(Saved data entries)

##############################

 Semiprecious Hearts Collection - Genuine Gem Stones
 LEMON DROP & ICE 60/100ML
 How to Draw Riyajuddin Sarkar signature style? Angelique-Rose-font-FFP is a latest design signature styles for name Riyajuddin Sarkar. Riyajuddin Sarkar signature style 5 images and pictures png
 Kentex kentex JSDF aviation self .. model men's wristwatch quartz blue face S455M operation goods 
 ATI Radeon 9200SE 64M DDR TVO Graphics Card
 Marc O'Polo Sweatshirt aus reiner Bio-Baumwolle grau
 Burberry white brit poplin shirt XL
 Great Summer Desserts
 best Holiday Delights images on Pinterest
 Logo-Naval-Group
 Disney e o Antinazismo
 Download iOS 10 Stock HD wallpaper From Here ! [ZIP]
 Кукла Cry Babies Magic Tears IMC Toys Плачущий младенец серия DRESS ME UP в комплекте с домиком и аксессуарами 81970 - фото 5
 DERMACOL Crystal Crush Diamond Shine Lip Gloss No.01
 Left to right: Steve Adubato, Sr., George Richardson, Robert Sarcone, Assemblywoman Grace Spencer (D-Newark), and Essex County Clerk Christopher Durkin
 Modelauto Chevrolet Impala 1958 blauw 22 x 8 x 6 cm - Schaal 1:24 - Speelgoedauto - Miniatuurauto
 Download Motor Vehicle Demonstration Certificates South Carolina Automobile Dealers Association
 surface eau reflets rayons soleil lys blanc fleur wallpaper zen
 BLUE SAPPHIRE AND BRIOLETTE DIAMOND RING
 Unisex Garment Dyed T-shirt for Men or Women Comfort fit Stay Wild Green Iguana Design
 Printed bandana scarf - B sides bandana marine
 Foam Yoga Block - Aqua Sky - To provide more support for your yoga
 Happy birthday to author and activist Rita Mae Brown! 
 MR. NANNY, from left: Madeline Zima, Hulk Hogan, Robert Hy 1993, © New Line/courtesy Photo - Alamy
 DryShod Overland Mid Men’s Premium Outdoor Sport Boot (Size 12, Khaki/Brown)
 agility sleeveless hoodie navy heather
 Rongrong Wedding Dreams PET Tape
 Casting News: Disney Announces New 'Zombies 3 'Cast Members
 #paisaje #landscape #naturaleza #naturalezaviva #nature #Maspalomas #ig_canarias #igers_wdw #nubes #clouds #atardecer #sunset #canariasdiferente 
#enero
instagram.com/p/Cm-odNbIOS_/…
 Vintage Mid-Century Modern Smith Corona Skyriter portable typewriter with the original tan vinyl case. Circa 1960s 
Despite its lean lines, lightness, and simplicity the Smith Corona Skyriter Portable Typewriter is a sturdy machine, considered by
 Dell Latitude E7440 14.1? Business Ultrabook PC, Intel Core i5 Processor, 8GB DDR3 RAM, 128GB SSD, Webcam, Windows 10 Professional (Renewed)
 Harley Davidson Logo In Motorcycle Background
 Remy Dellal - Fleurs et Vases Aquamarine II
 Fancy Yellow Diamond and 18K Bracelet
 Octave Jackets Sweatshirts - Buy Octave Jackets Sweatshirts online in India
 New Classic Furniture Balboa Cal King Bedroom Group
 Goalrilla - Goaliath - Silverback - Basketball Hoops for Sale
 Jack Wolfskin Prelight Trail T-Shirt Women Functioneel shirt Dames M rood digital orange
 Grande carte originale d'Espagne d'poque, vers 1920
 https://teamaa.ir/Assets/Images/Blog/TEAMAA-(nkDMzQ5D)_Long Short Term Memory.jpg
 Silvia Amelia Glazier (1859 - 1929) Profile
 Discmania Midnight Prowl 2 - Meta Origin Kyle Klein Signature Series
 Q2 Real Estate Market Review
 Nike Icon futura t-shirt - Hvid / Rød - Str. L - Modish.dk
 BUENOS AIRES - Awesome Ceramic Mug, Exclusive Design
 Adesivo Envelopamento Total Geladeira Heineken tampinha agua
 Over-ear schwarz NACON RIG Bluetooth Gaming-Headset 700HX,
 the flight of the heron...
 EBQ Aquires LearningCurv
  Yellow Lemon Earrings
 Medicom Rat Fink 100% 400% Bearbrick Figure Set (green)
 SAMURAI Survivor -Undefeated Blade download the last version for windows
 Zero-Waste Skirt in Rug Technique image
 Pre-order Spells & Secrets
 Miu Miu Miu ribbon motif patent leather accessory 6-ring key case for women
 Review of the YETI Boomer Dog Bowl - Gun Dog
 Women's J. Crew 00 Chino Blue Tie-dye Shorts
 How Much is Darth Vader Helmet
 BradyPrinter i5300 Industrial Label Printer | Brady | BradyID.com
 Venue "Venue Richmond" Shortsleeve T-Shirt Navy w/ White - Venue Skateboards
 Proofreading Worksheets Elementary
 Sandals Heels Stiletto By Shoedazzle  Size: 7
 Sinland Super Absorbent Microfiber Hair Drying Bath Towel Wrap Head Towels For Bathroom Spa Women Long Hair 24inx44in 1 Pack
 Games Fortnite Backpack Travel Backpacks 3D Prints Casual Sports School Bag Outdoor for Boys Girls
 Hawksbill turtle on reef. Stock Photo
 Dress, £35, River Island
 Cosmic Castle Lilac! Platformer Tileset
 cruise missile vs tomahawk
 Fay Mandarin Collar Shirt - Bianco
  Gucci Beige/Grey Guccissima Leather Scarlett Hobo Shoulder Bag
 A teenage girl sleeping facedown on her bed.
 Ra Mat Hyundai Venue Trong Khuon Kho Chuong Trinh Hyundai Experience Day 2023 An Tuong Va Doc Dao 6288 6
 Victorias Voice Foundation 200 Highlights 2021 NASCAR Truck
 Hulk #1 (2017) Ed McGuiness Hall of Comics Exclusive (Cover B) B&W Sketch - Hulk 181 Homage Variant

##############################

From the data above, reproduce word for word the lines running from the line with "ATI Radeon 9200SE 64M DDR TVO Graphics Card" to the line with "Foam Yoga Block", ends included.

* _SOLUTION TO THE EXERCISE_:
 ATI Radeon 9200SE 64M DDR TVO Graphics Card
 Marc O'Polo Sweatshirt aus reiner Bio-Baumwolle grau
 Burberry white brit poplin shirt XL
 Great Summer Desserts
 best Holiday Delights images on Pinterest
 Logo-Naval-Group
 Disney e o Antinazismo
 Download iOS 10 Stock HD wallpaper From Here ! [ZIP]
 Кукла Cry Babies Magic Tears IMC Toys Плачущий младенец серия DRESS ME UP в комплекте с домиком и аксессуарами 81970 - фото 5
 DERMACOL Crystal Crush Diamond Shine Lip Gloss No.01
 Left to right: Steve Adubato, Sr., George Richardson, Robert Sarcone, Assemblywoman Grace Spencer (D-Newark), and Essex County Clerk Christopher Durkin
 Modelauto Chevrolet Impala 1958 blauw 22 x 8 x 6 cm - Schaal 1:24 - Speelgoedauto - Miniatuurauto
 Download Motor Vehicle Demonstration Certificates South Carolina Automobile Dealers Association
 surface eau reflets rayons soleil lys blanc fleur wallpaper zen
 BLUE SAPPHIRE AND BRIOLETTE DIAMOND RING
 Unisex Garment Dyed T-shirt for Men or Women Comfort fit Stay Wild Green Iguana Design
 Printed bandana scarf - B sides bandana marine
 Foam Yoga Block - Aqua Sky - To provide more support for your yoga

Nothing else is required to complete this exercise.